→ Data for analysis
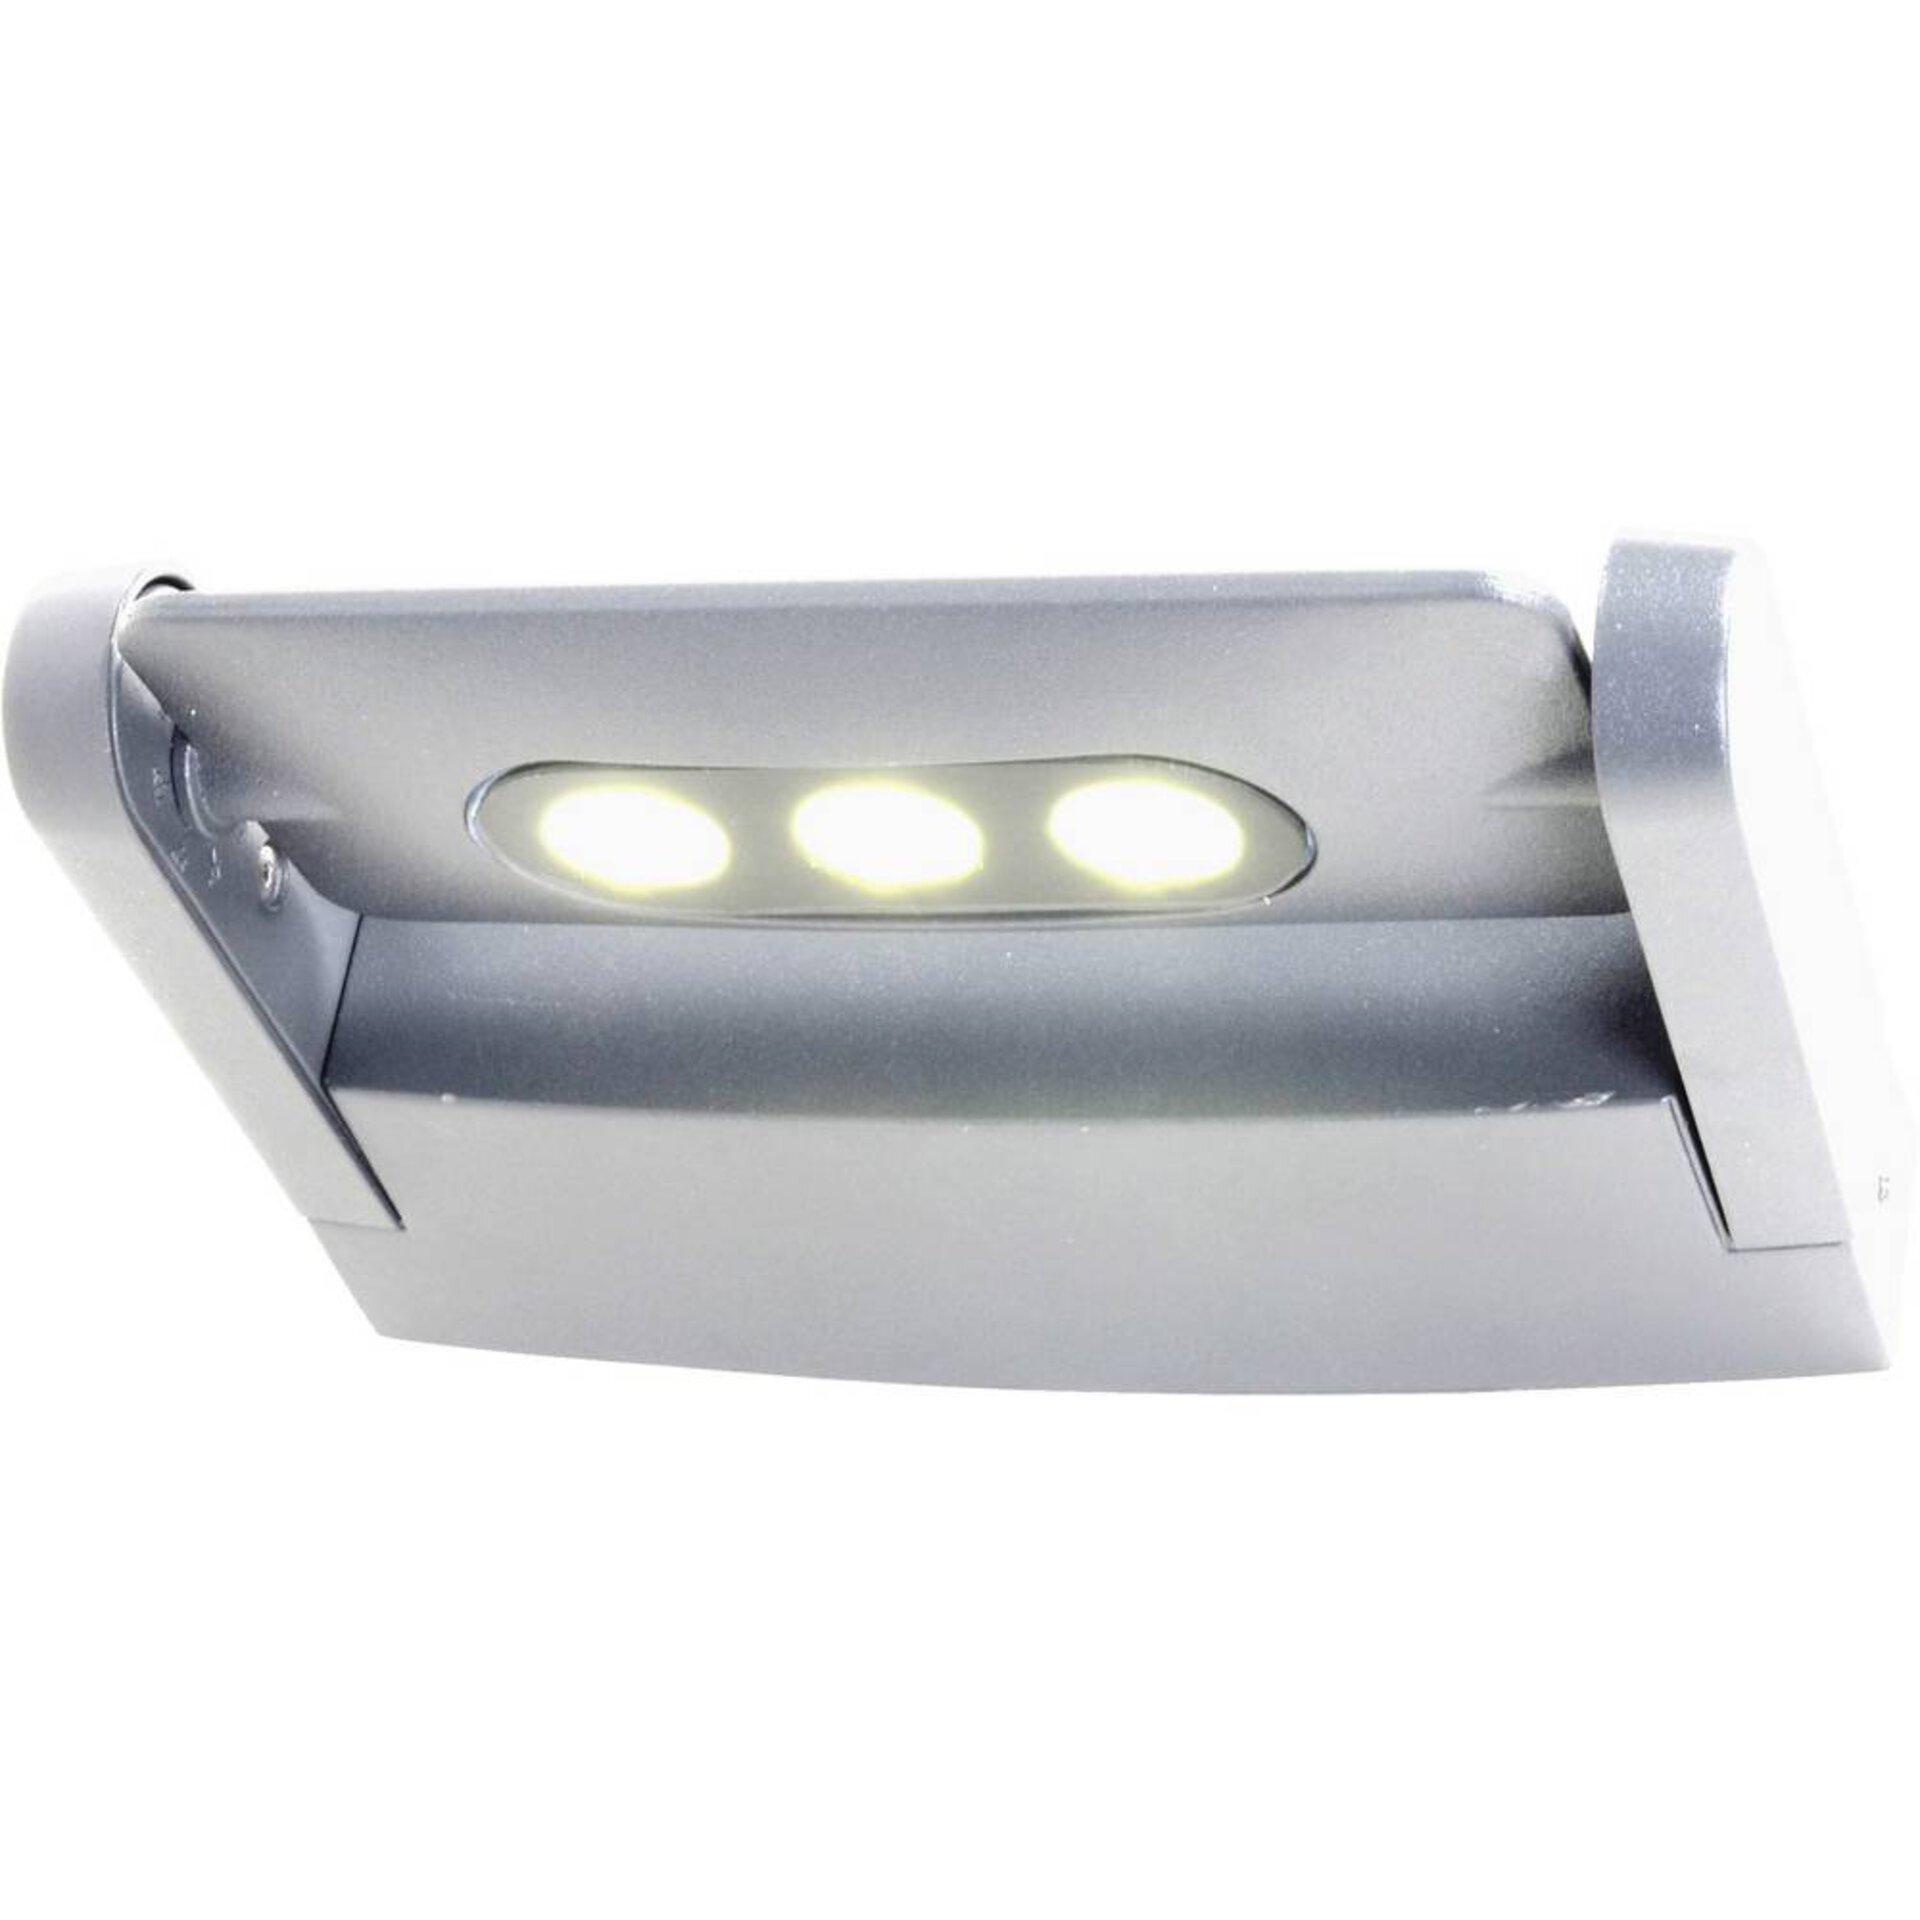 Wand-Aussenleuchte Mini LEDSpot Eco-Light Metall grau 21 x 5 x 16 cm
...
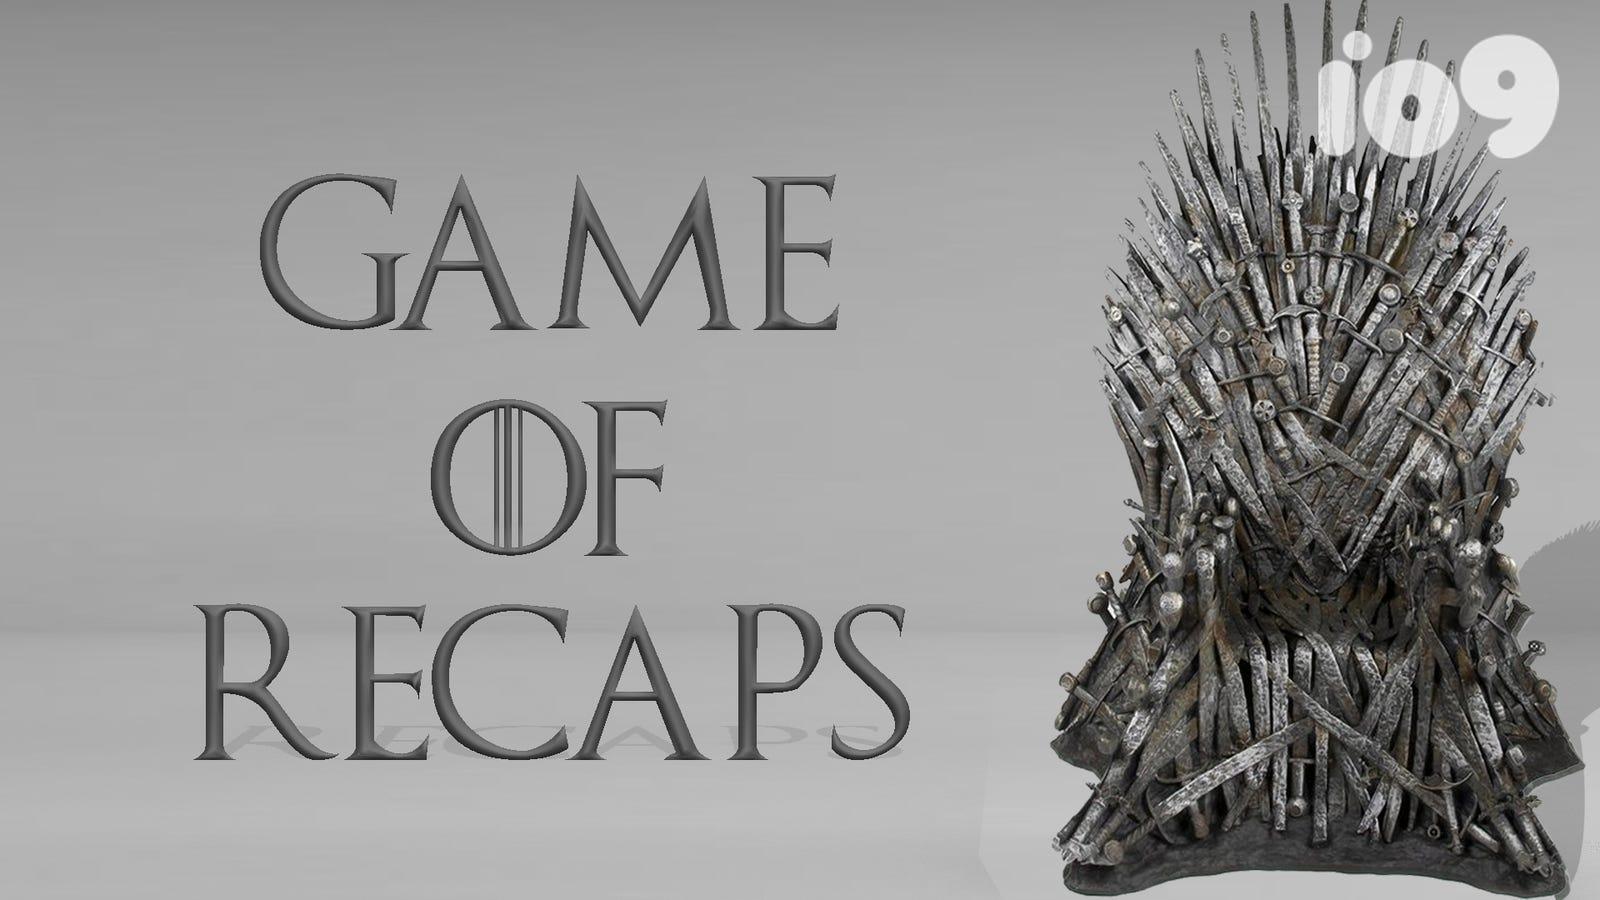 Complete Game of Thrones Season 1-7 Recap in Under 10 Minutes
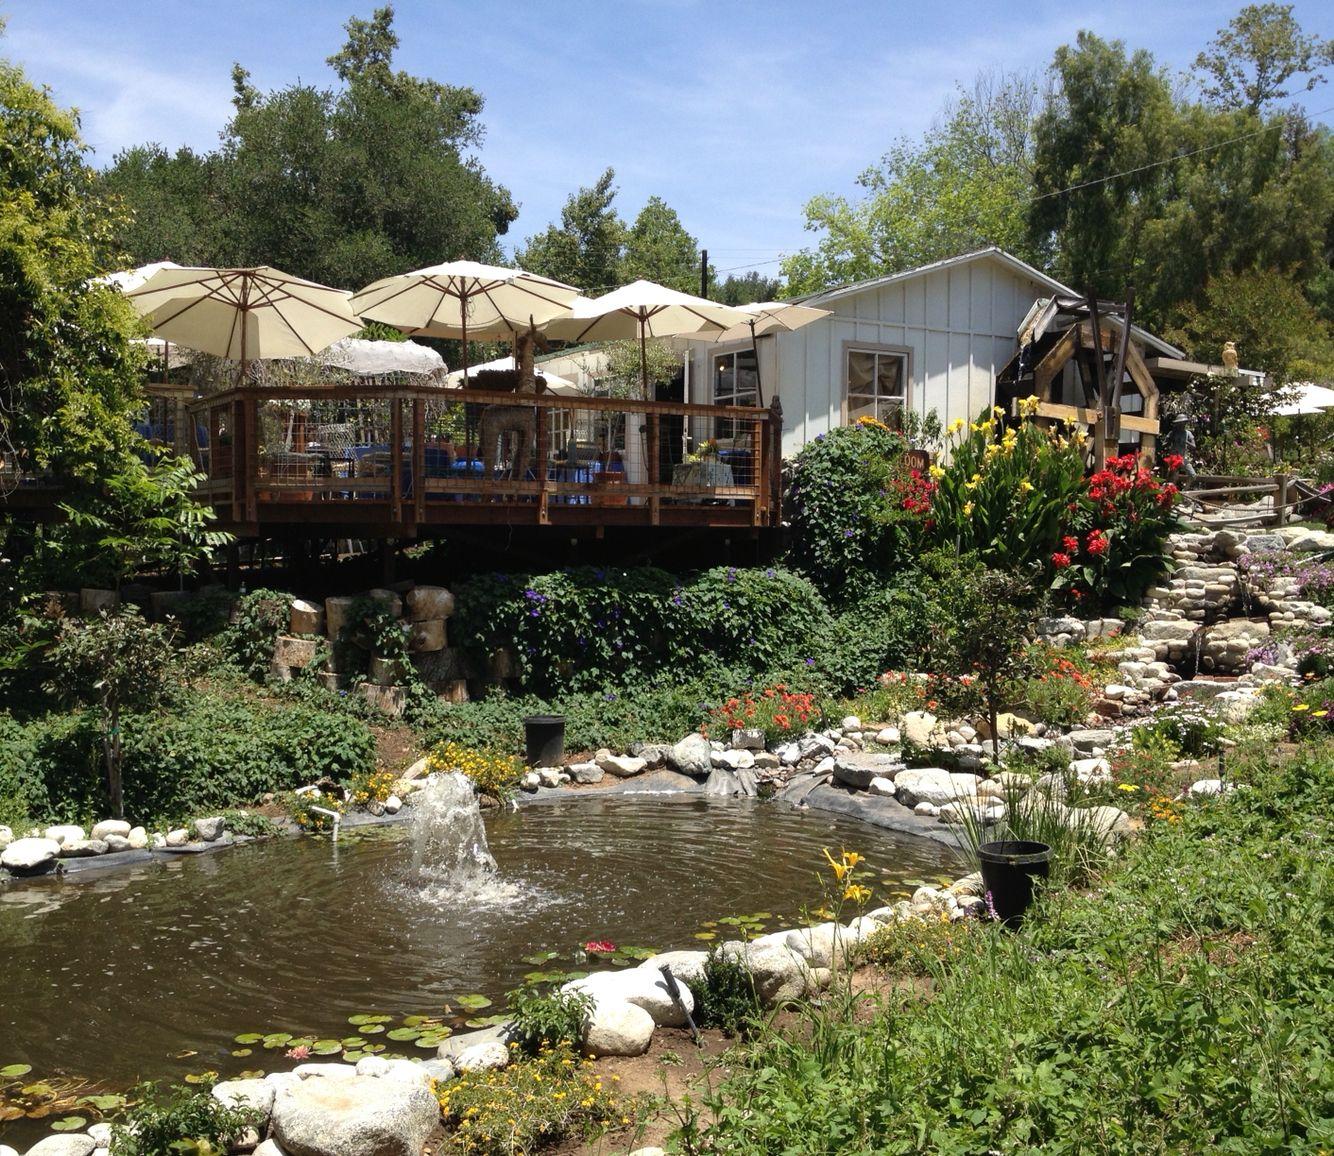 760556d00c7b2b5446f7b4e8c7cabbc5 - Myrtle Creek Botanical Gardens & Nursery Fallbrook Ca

→ Exercise details
Starting with the line that contains "Complete Game of" and finishing with the line that contains "760556d00c7b2b5446f7b4e8c7cabbc5 - Myrtle", reproduce every line of the material above exactly, but not the pictures.

→ Exercise response
 Complete Game of Thrones Season 1-7 Recap in Under 10 Minutes
 760556d00c7b2b5446f7b4e8c7cabbc5 - Myrtle Creek Botanical Gardens & Nursery Fallbrook Ca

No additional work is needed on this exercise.